Genetic analysis tools for the hobbyists
Introducing my GitHub package based on G25 DNA coordinates
I’ve released a package on GitHub with my own R-based code running in Jupiter notebooks that apples a a number of modern analysis techniques to G25 coordinates of historical and modern DNA samples available to the public from scientific sources.
https://github.com/olorin15/genetic-genealogy
Global 25 coordinates from: https://vahaduo.github.io/g25download/
(Originally from Eurogenes — see https://eurogenes.blogspot.com/2019/07/getting-most-out-of-global25_12.html)
Datasets manually filtered by epoch / age (Bronze, Iron, etc)
Additional data comes from
David Reich's Lab at Harvard (https://dataverse.harvard.edu/dataset.xhtml)
Indo-European.eu (https://indo-european.eu/ancient-dna/)

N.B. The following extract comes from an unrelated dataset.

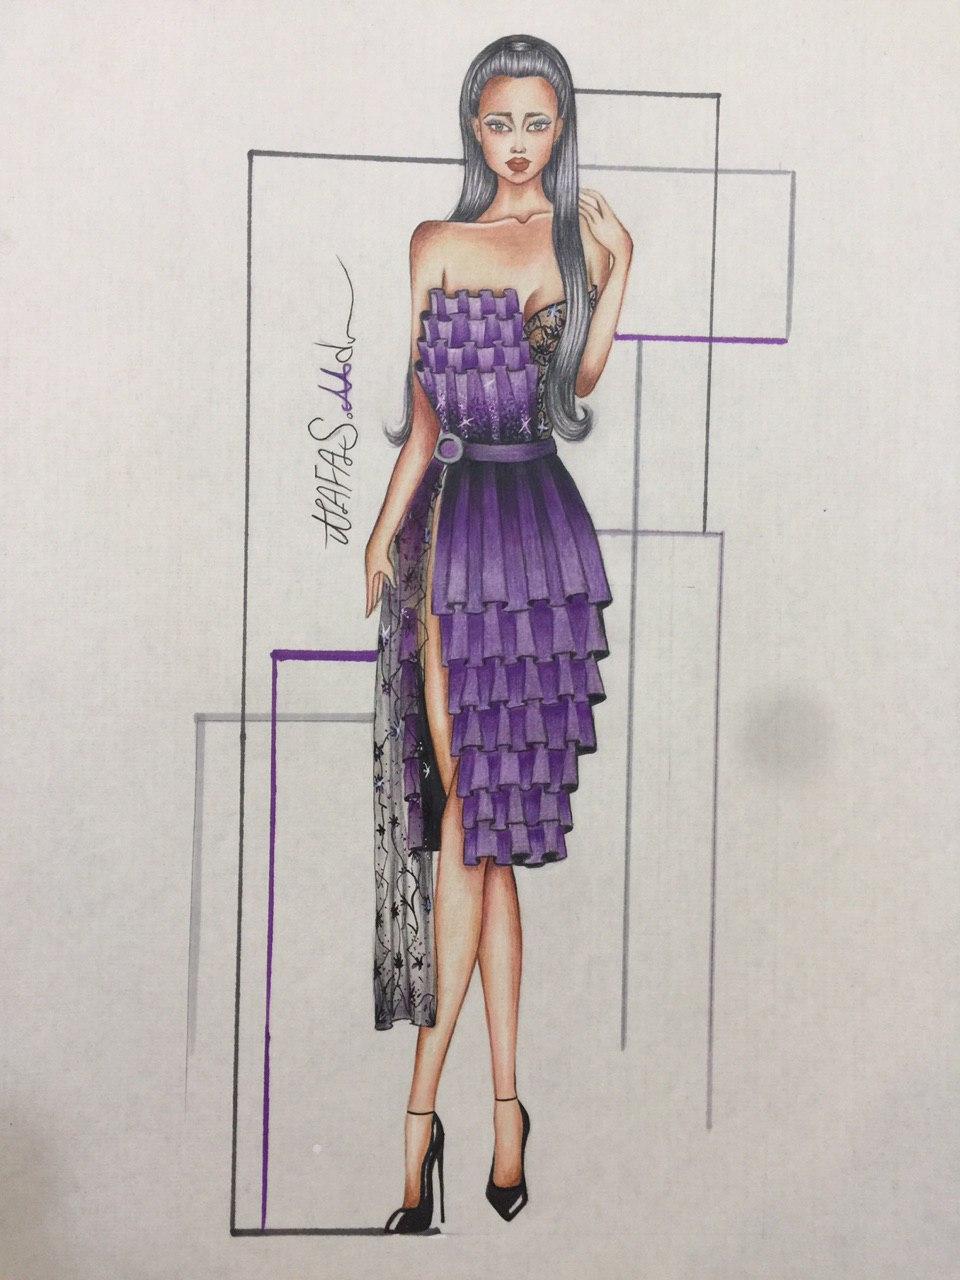 آموزش طراحی لباس - نفس محمدی -مدل لباس

YFull's ancient DNA samples (https://www.yfull.com/ancient/)
R code using Jupyter notebooks includes
Principal Component Analysis
The most widely used approach to look at DNA data, since the original covers millions of dimensions… We reduce the dimensionality to something reasonable, like G25 coordinates, and then look at the main ones in a 2-D projection.
Hierarchical Clustering
Often applied to animal DNA, but for some reason often overlooked for humans… Get’s really interesting when you plot metadata, such as supposed culture that the individual in question belonged to, Y or mtDNA haplogroups, etc.
K-means Clustering
Can be viewed as continuation of PCA or a standalone technique. Is at the heart of genetic Admixture analyses you are used to seeing in the literature, where they cluster the data, find the dominant groups, and model other populations using the averages from those.
Nearest Neighbors
Simple application of k-nn using the distance between points in G25 space, visualized in spherical coordinates as a spiral.
Graph Analysis
My personal favorite — application of graph theory to G25 data. I calculate 5-nearest-neighbors for each DNA sample and create a graph from the data. Then I use centrality measures and all the other wonderful tools graphs bring. The visuals are based on graph subsets, where you pick a sample and build out a network of nearest neighbors, while accounting for connections among them as well. Can be used for clustering, but is possibly the best visualization tool.
XGBoost
This one is unique as far as I can tell. Applying boosted Decision Trees to learn which dimensions appear to predict group placement. Results vary by sample and age… But are interesting and informative, providing a very different view.